This Axios article highlights that there are over 500 “unicorns” and they are forecasting that 2021 will make 2020 look small. Whoa, whoa, I meant on the Equity Capital Markets front. That might break a few charts. The latest blog post from the Refinitiv Deals Intelligence team shows 2020 was, well 2020, unusual.

The unicorn stampede is coming

Capital markets records broken in 2020


George Arison is the CEO of Shift, which is an online peer to peer marketplace for used cars. Why would I include this? I thought his explanation on why he chose to go the route of a SPAC structure was fascinating. With the proliferation of SPACs this year, having the view of the targeted company has been rare.
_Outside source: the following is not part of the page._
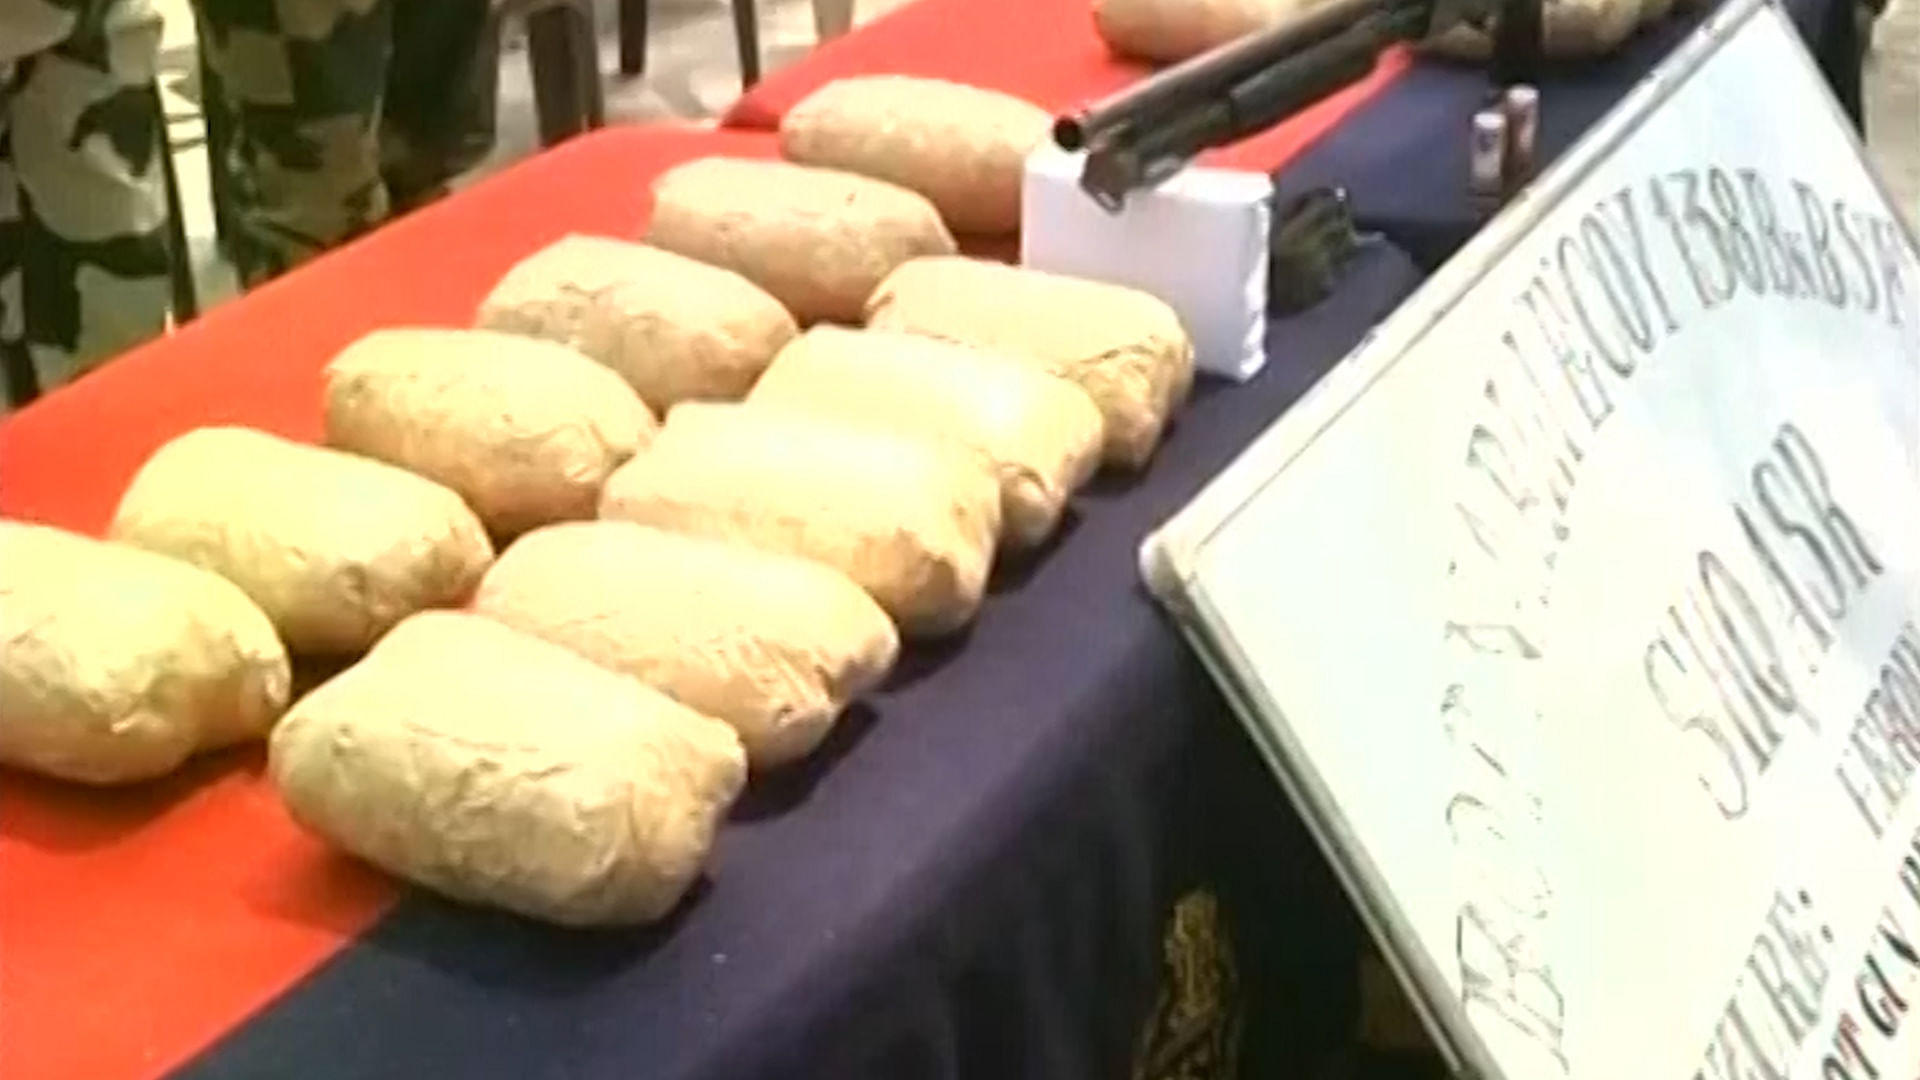 Heroin and ammunition seized from the smugglers. (Photo: ANI screengrab)
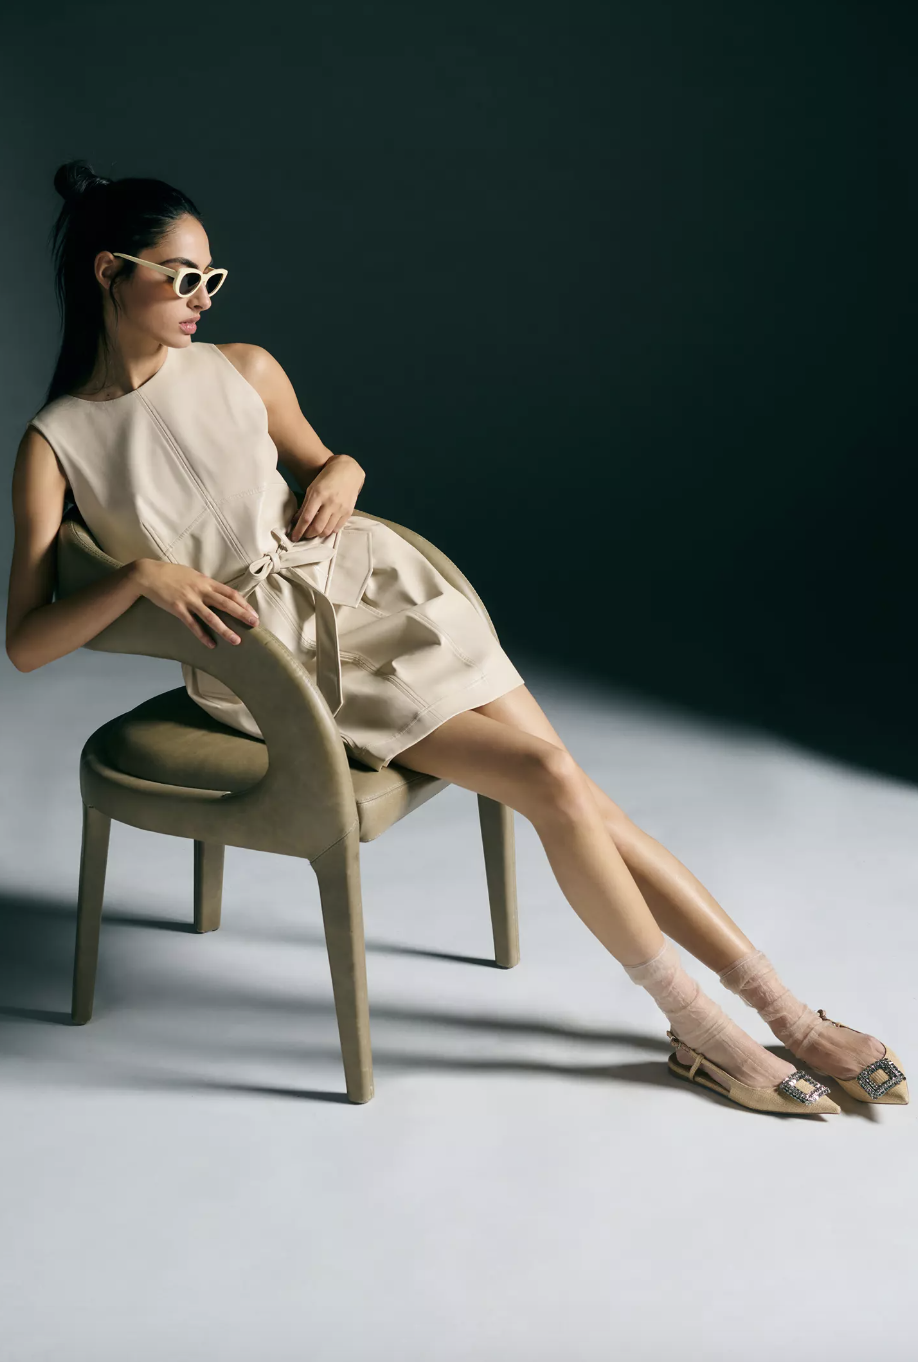 model sitting in chair wearing light beige belted Shoshanna Faux Leather Dress (photo via Anthropologie)

Leadership Chat: Shift CEO George Arison - Listening time: 26 minutes


Miscellaneous

While this is more of a news story, I wanted to include this as “interesting” because Nottingham is a decent sized fund accounting / administration shop and it’s starting to move more of it’s offering into the ETF space. Back in October, they started offering the non-transparent ETF structure, and now they’re filing for mutual fund conversation. The company is the administrator of over $31 billion. While that might be not a huge impact, these will start to add up over time, and with the Dimensional news last month about more ETFs. I think this will start to become a huge story for 2021.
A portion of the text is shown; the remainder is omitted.